これだけ大きなTCUは非常に大きなエネルギーを持っているため、パイロットは必ず回避します。
通常の飛行ルート(写真左)と、今日のルート(右)を並べてみました。かなり南回りにフライトしていますよね。Courtesy of Flightradar24.com

高度と針路を調整しながら降下、いよいよスワンナプームへ着陸!

 777-300はその後も順調にフライトを続け、ベトナム、ラオスの上空を抜けてタイ空域へと入ります。ちょうど目的地まで120海里(約220km)となったころ、機体は降下を開始しました。降下中は減速を命じられたのか、あるいは降下率の調整か、結構長い時間スピードブレーキを使う場面がありました。スピードブレーキを使うと機体に振動を感じますので、皆さんもすぐ分かるはずです。

夕暮れのバンコクへのアプローチ。遠くに見える積乱雲もこの時ばかりは綺麗に見えます。
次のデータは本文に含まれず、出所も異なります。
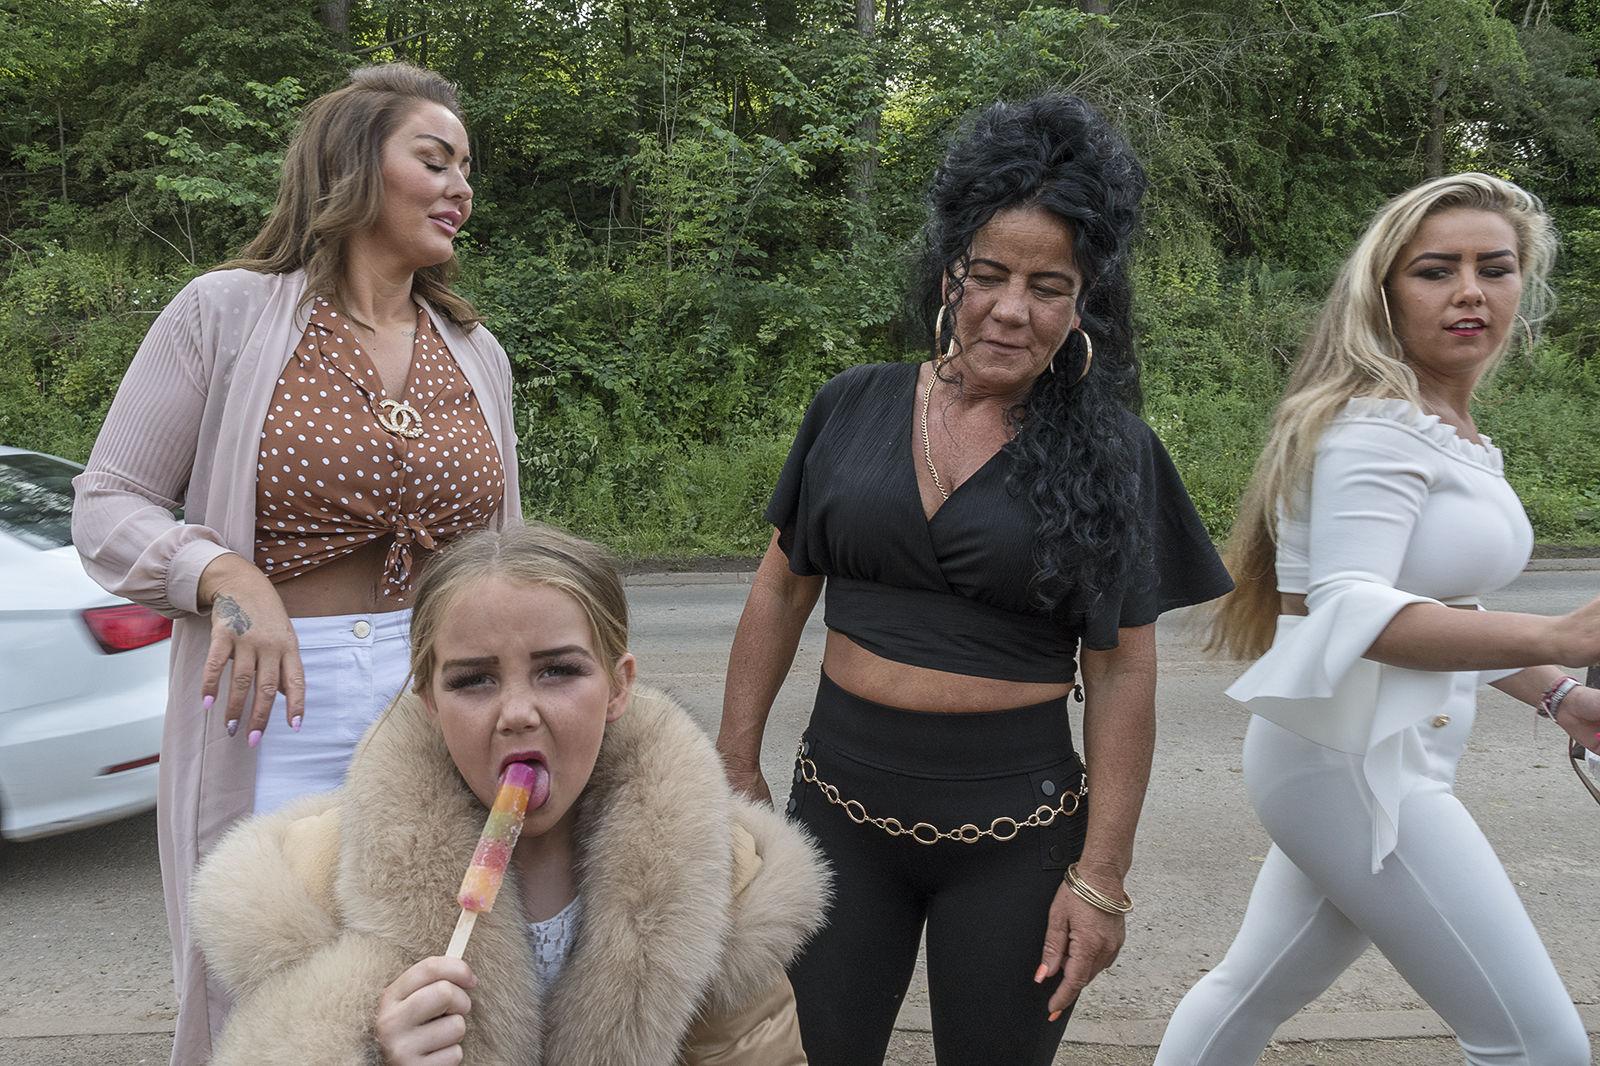 Ice Pop, Appleby-in-Westmoreland, UK 2019
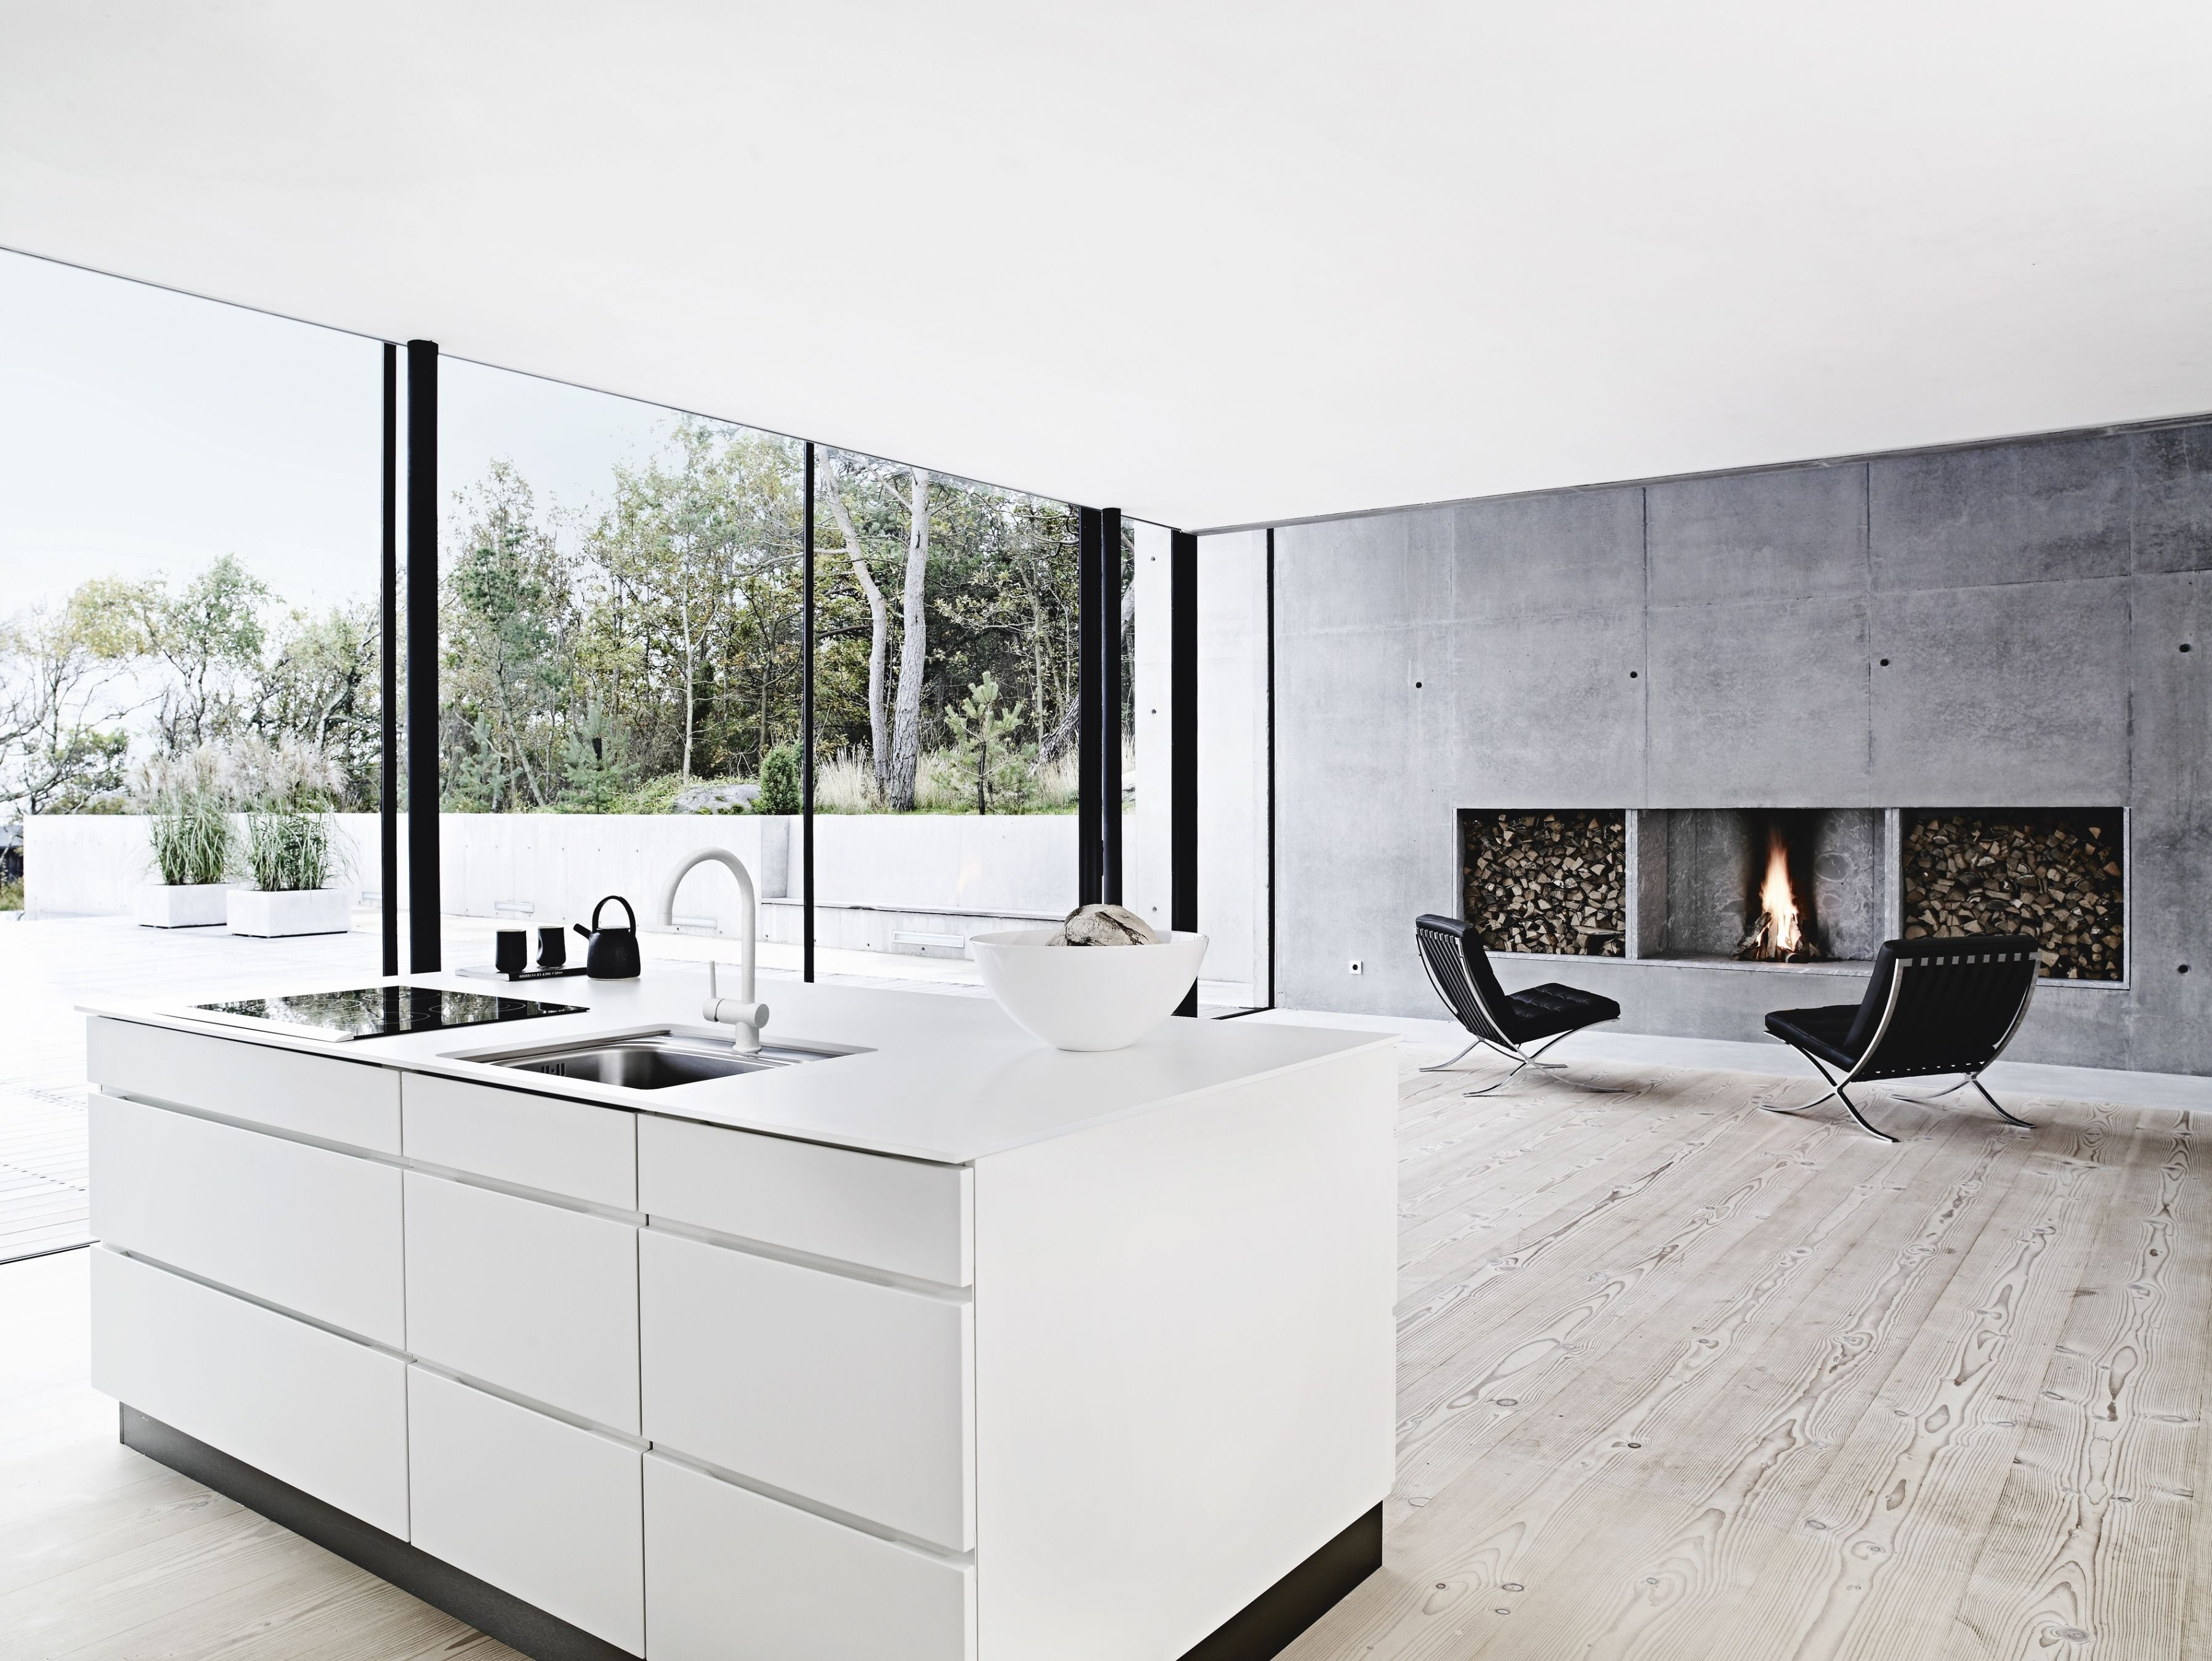 40 Phenomenon Minimalist Stylish White Kitchen Inspirations Freshouz Com White Kitchen Inspiration Kitchen Styling Bedroom Loft

 スワンナプーム国際空港も混雑しているのか、また管制からヘディング(針路)を振られている(指示されている)ようです。遅延しているときは、回復しようにもどんどん新たな要因が重なってきてさらに遅れるというのが、我々パイロットの中でよく言われることです。飛行機の旅はどうしても電車のように正確にはいきませんので、乗り継ぎやフライト後の予定までの時間は充分確保していただきたく思います。

スワンナプーム国際空港付近での管制によるベクター(誘導)の様子。一直線に滑走路に正対せず、Uターンを繰り返す飛行をしたことがわかります。Courtesy of Flightradar24.com
着陸態勢に入った飛行機は、1,500フィート以下で若干のラフエア(乱気流)と戦いながら、夜の帳が下りたバンコク・スワンナプーム国際空港RWY19Rに着陸しました。

愛嬌が感じられる機種、777-300

 777-300は確かに古い飛行機ですが、まだまだ現役でフライトできると思わせる安定性と快適性を見せてくれました。最新鋭機と比べても遜色のない乗り心地は、完成された飛行機という印象を改めて受けます。また降りたあとに機体を正面から見ると、最新の機種よりも丸くて愛嬌が感じられ、非常に愛着が持てる機種だなぁと思いました。

 キャセイパシフィック航空の現役機最大のキャパシティと機動力で、まだしばらくの間、活躍が期待される777-300でした。

現役の機長が1人の乗客として海外エアラインのフライトに搭乗し、パイロットならではの専門的な視点でその模様を紹介する本連載。第2回もキャセイパシフィック航空のフライトだ。前回の連載でたどり着いた香港から乗り継いでバンコクへと向かうが、香港国際空港周辺は雷雲が立ち込めていた。